Input data:

▬▬▬▬▬▬

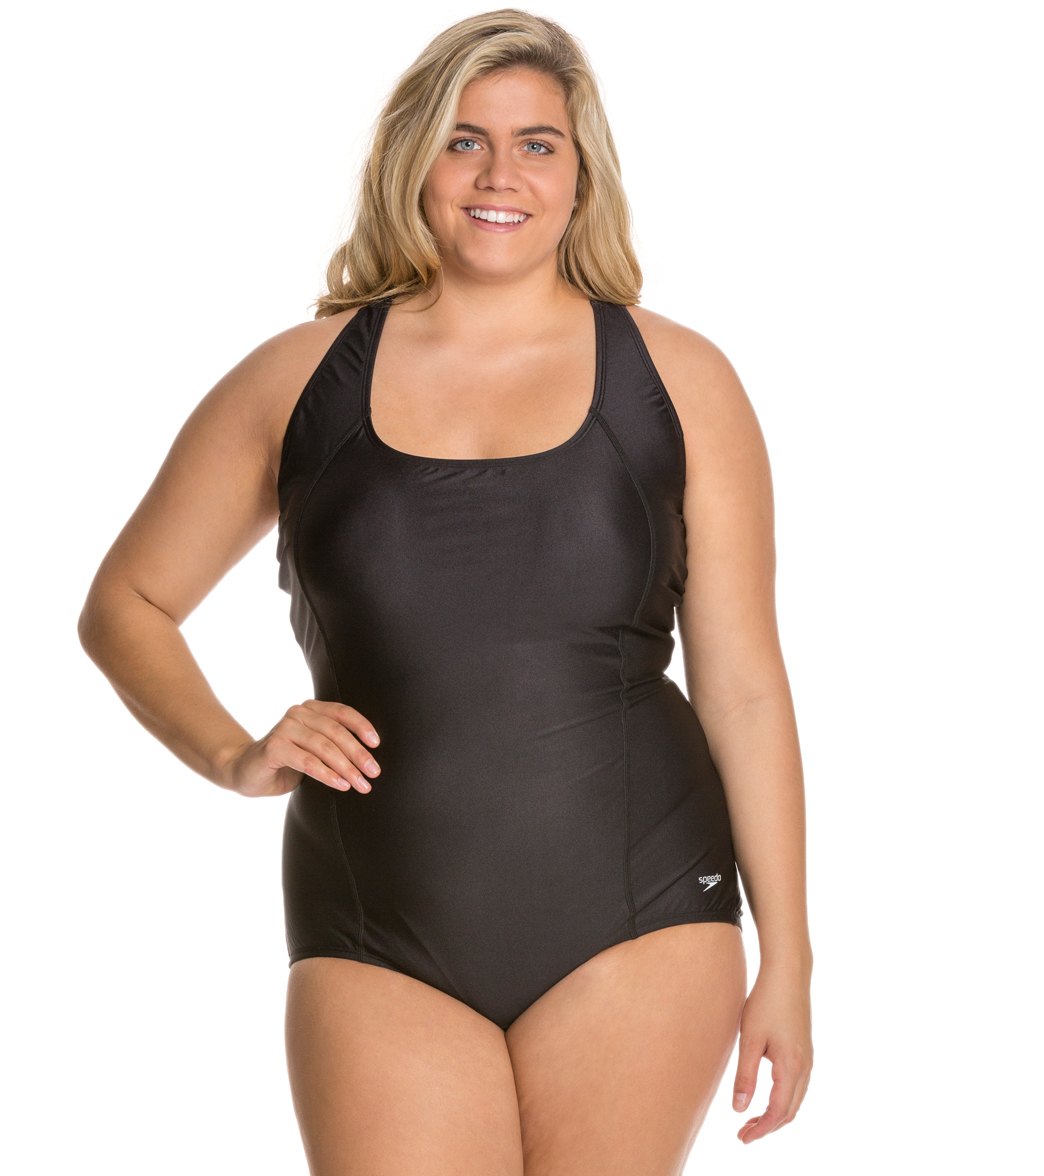 Speedo Conservative Ultraback Plus Size Chlorine Resistant One Piece  Swimsuit at SwimOutlet.com
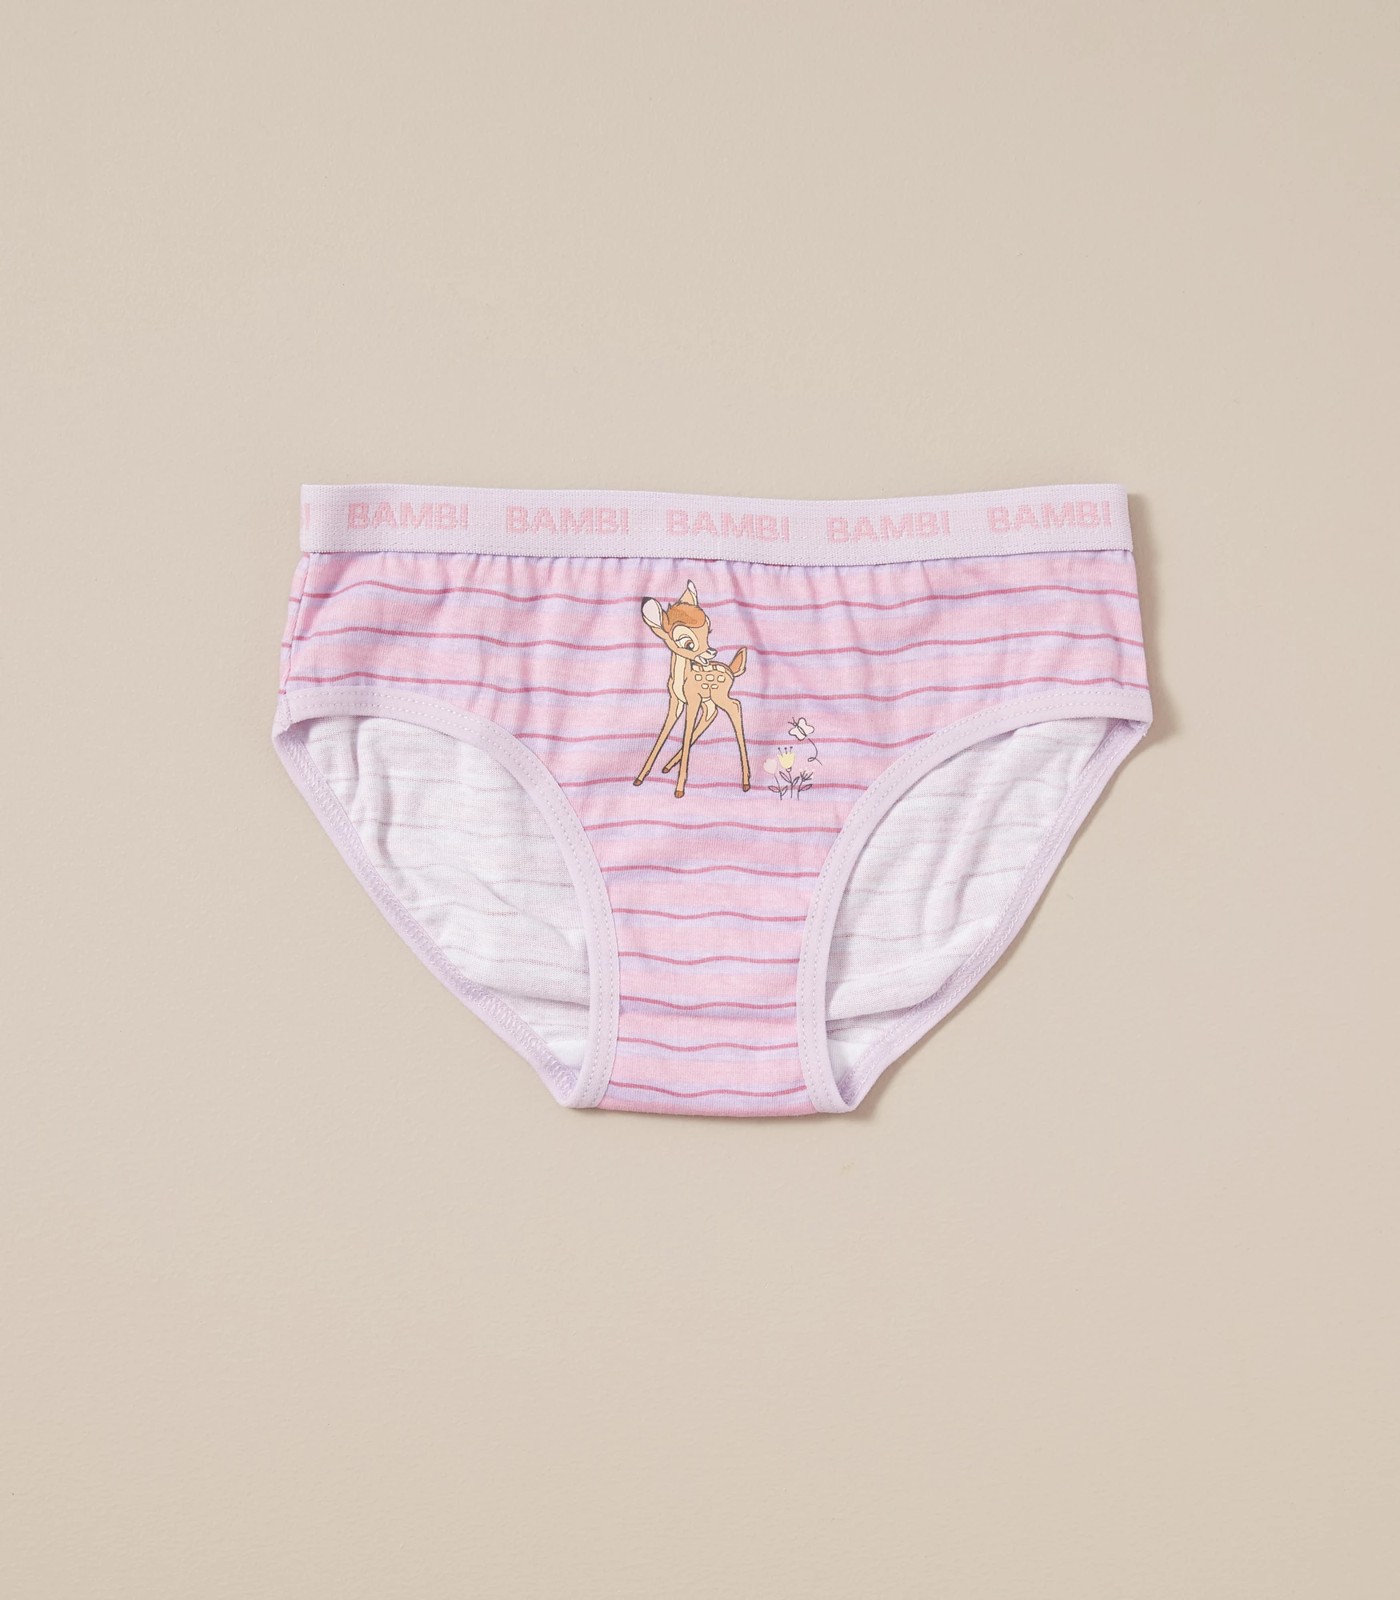 ⋆𝐛𝐚𝐦𝐛𝐢⋆ on X: what color underwear you looking to wear new
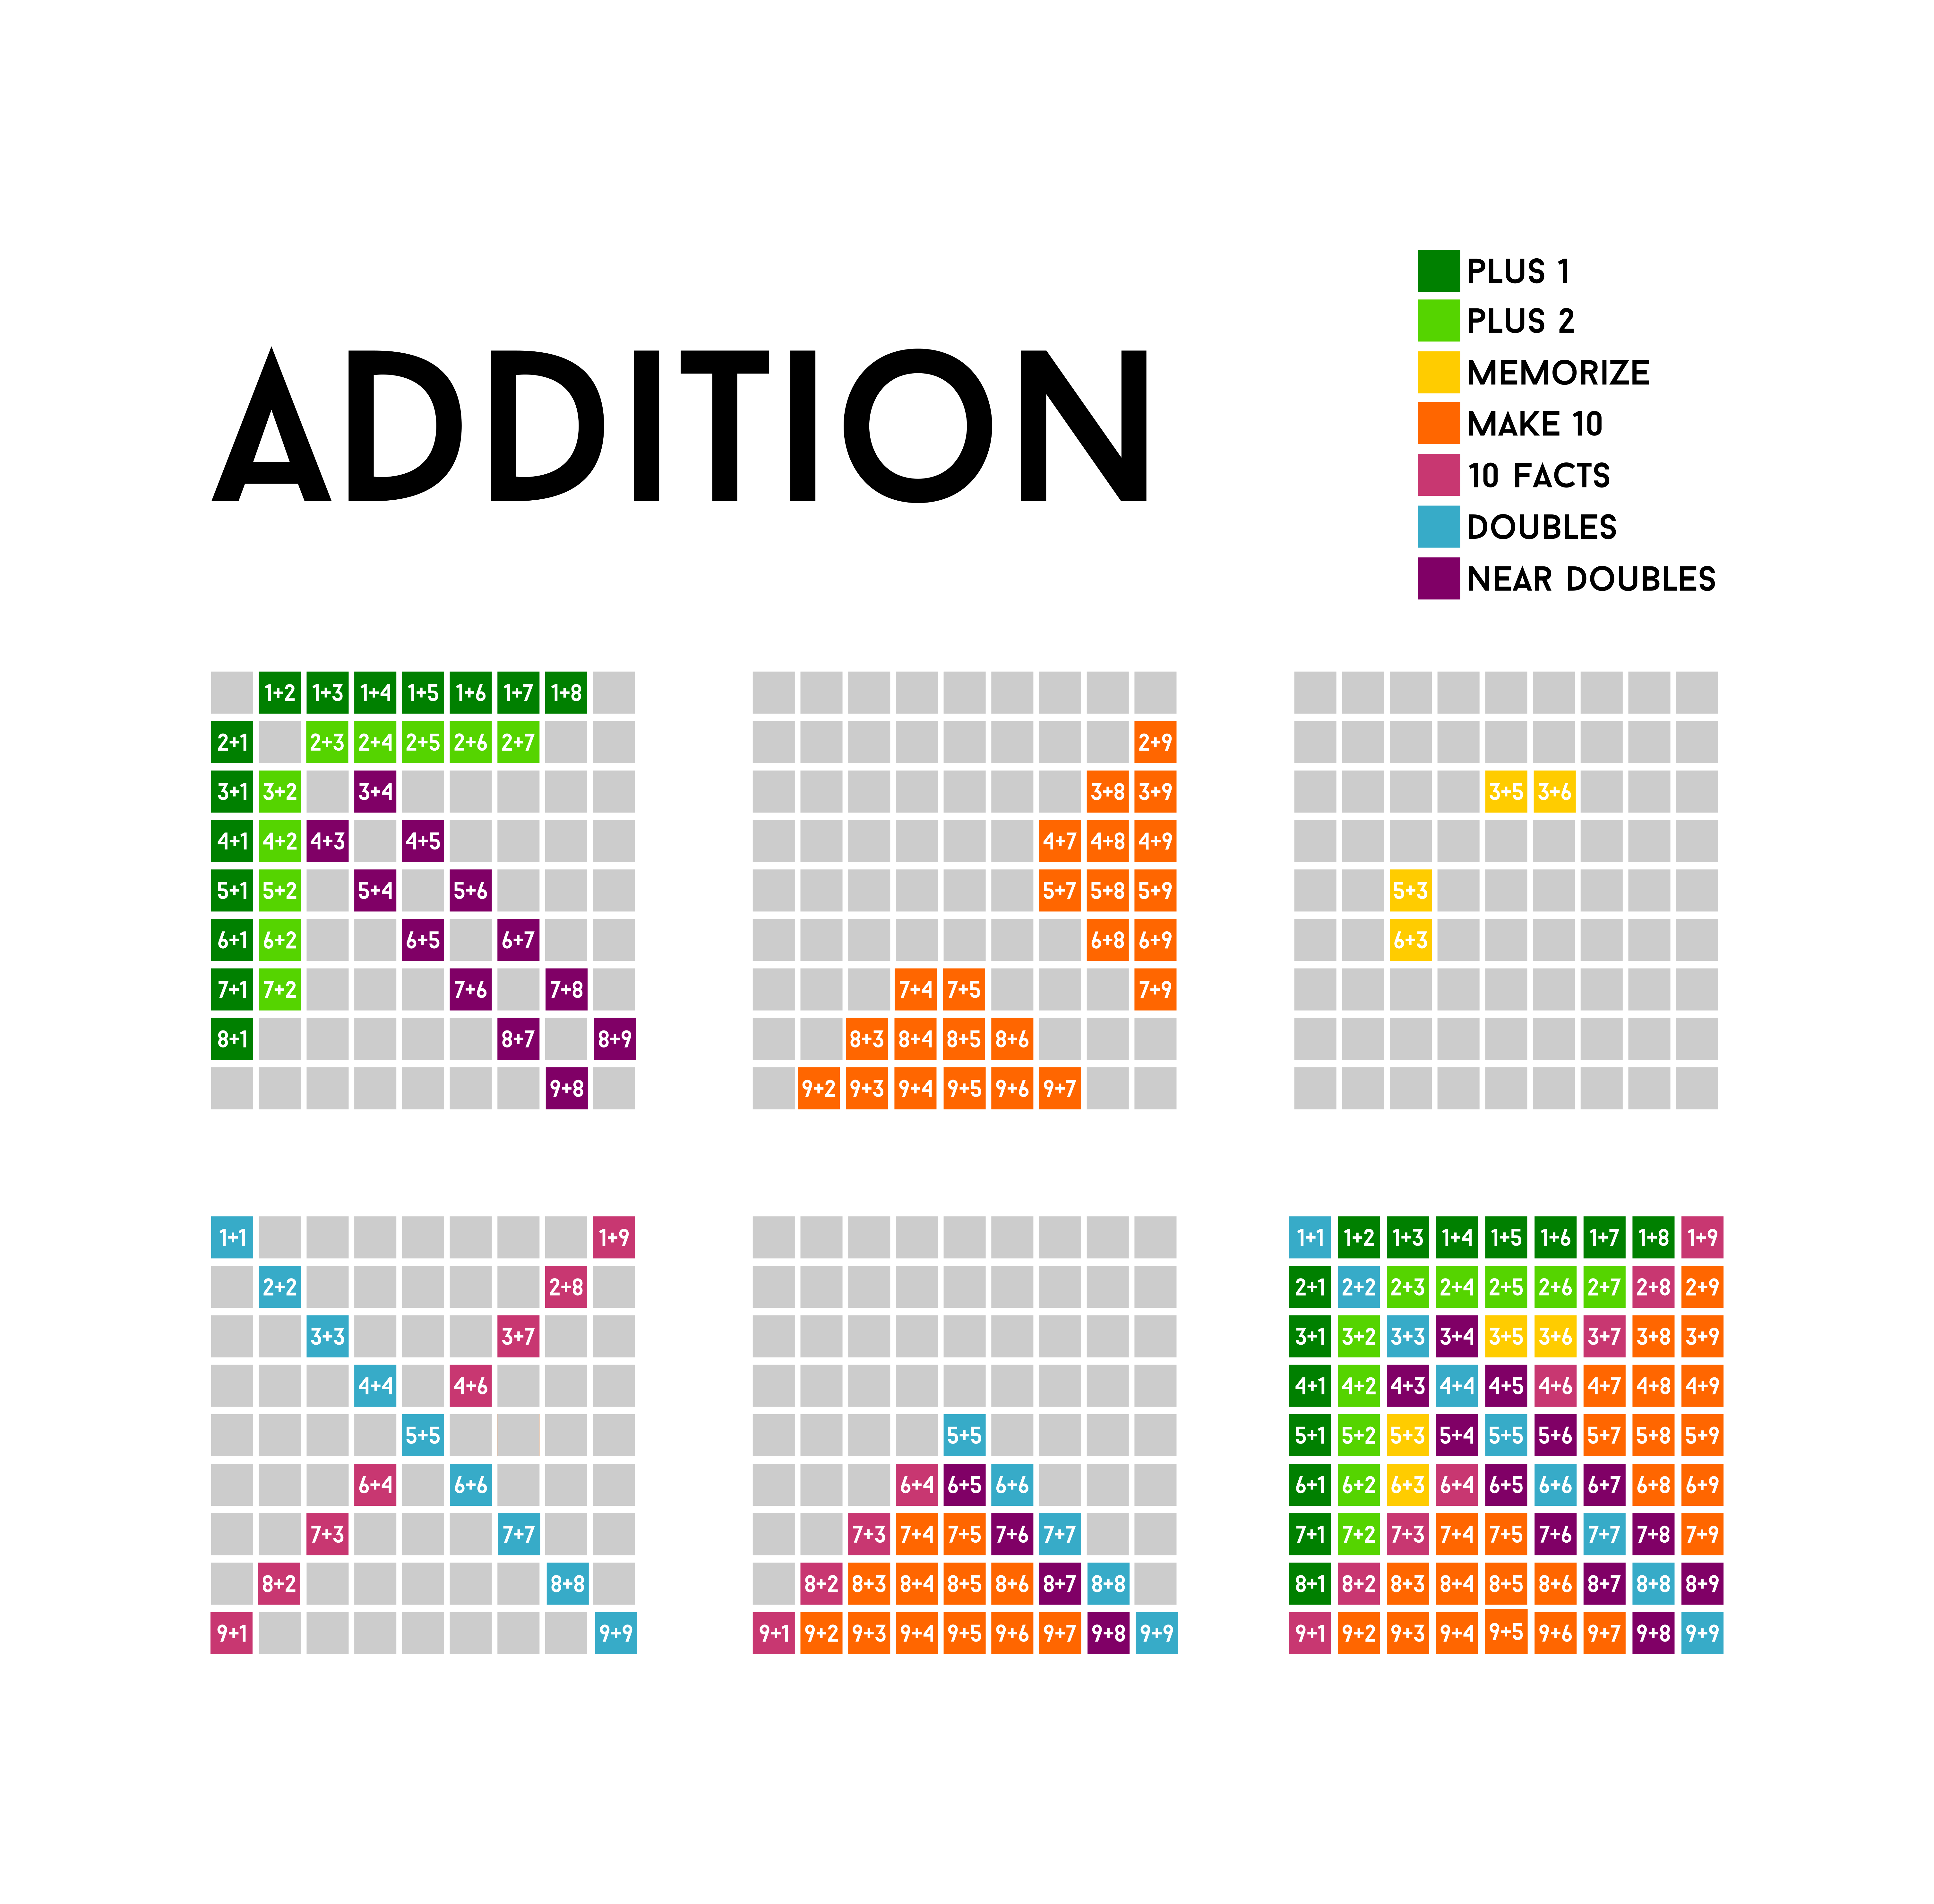 addition_full.png

▬▬▬▬▬▬

Task to complete: The whole listing above must be returned exactly as written, with no pictures carried over.

Written response:
 Speedo Conservative Ultraback Plus Size Chlorine Resistant One Piece  Swimsuit at SwimOutlet.com
 ⋆𝐛𝐚𝐦𝐛𝐢⋆ on X: what color underwear you looking to wear new
 addition_full.png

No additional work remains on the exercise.